Bitcoin is up 8% today. It was up to $2920 but since dropped to $2820. It's had $2 billion worth of activity in the last 24 hours. Lately Bitcoin and Ethereum have about a billion dollars worth of activity per day. Since January 1st the dollar index has dropped from 103.3 to 96.6. That's 6.5% in 5 months. It's dropping at an annualized rate of 15%. I think the more the dollar drops the more money will go into cryptocurrencies. If you're an upper middle class person in Argentina and you're holding dollars, what would you do if you see the dollar dropping and Bitcoin going up? At some point you'll have to dump your dollars for Bitcoin or maybe a number of different cryptocurrencies.


----------



## Pessimistic2

BillS said:


> I registered with coinbase.com about 2 weeks ago but their system wasn't working right so I wasn't able to register any credit card. Then a week ago last Sunday I was able to. I thought about buying Ripple but Ripple has 38 billion currency units so it's hard to imagine it rising much beyond the 33 cents where it was at. I thought of buying Bitcoin but decided that Bitcoin was like gold and Ethereum was like silver. So I bought $500 worth of Ethereum. Now it's worth $772 in just 10 days. I watch it carefully because I want to be able to get out with a profit if it starts to drop. Bitcoin is up 8% today. It was up to $2920 but since dropped to $2820. It's had $2 billion worth of activity in the last 24 hours. Lately Bitcoin and Ethereum have about a billion dollars worth of activity per day. Since January 1st the dollar index has dropped from 103.3 to 96.6. That's 6.5% in 5 months. It's dropping at an annualized rate of 15%. I think the more the dollar drops the more money will go into cryptocurrencies. If you're an upper middle class person in Argentina and you're holding dollars, what would you do if you see the dollar dropping and Bitcoin going up? At some point you'll have to dump your dollars for Bitcoin or maybe a number of different cryptocurrencies.

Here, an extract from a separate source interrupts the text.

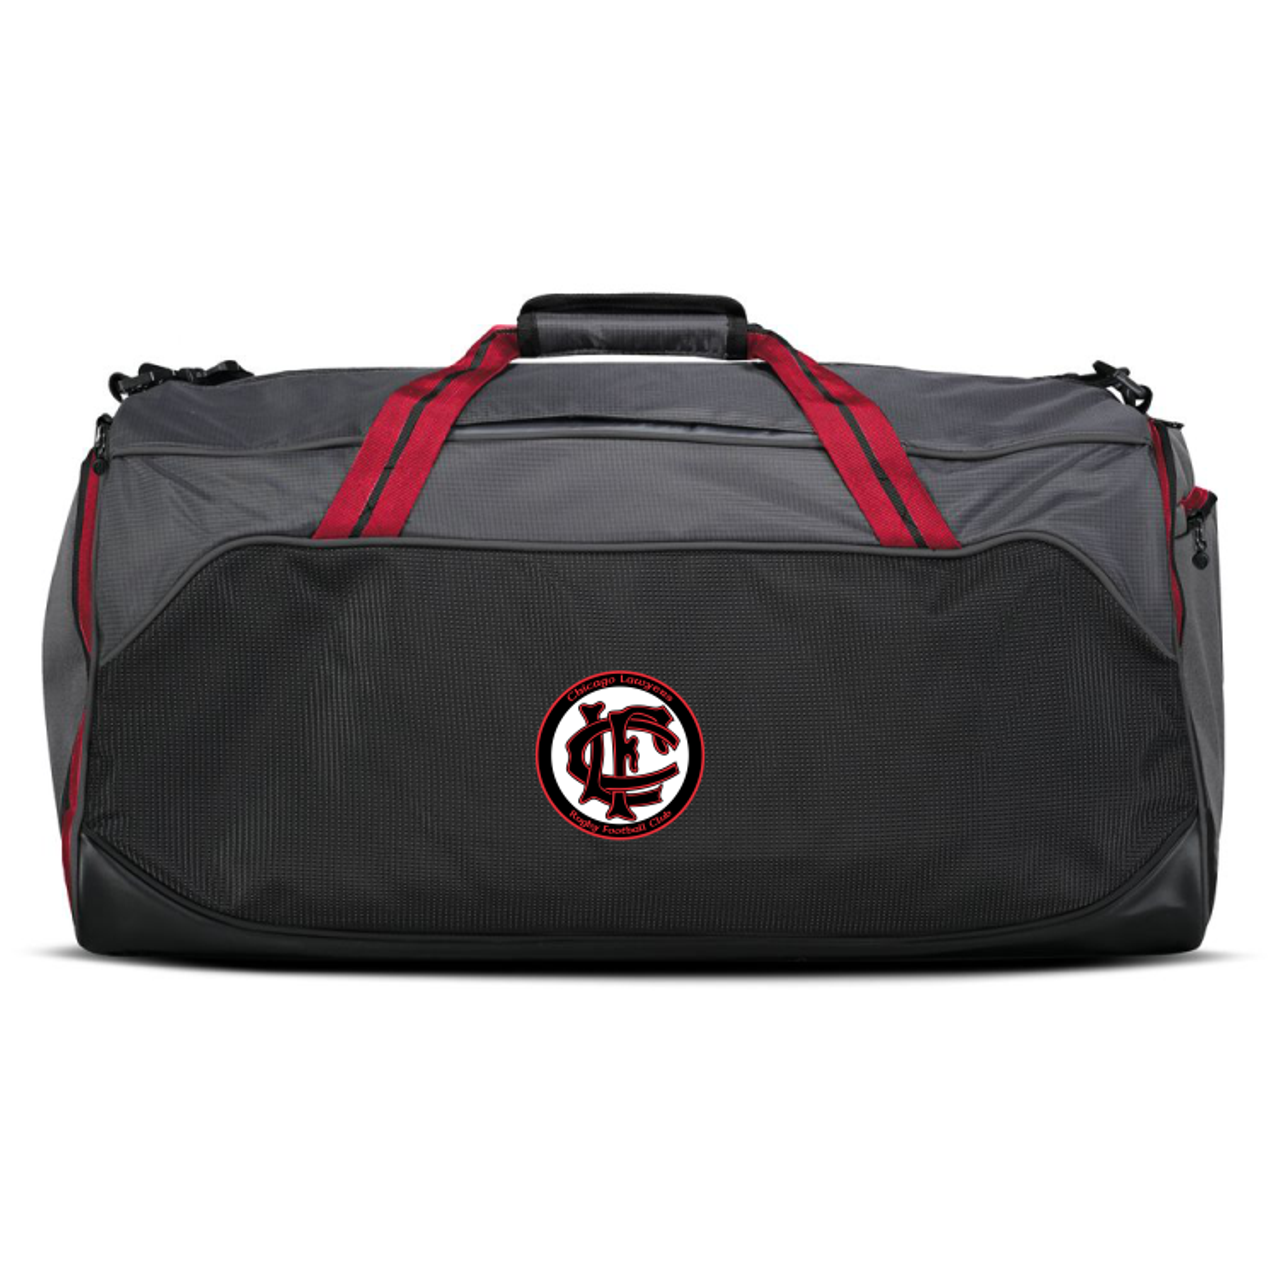 Chicago Lawyers Rugby Backpack Duffel

If you're into "speculation," you might want to check out "binary options," on the NADEX. Just beware of scammer brokers....lot of that going on!!

https://www.nadex.com/binary-option...FcHyw&ef_id=WTbezAAAAODjDj6L:20170606165644:s

Like all market ventures....don't invest more than you can afford to lose!! Personally, I like speculating in the IPO market. Still a crap shoot, though!


----------



## Jim1590

bkt said:


> I've been mining litecoins with hardware at home for a few years and have a few ounces of gold to show for my effort. ProvidentMetals.com, JMBullion.com and probably other purveyors of PMs accept cryptocurrencies. For places that only accept bitcoin, there's always Bitcoin Exchange (btc-e.com) where you can trade other coins for BTC.
> 
> As for blockchain technology, it's a very interesting disruptive technology precisely because it removes middlemen from conventional transactions, it's secure and it isn't manipulable by governments.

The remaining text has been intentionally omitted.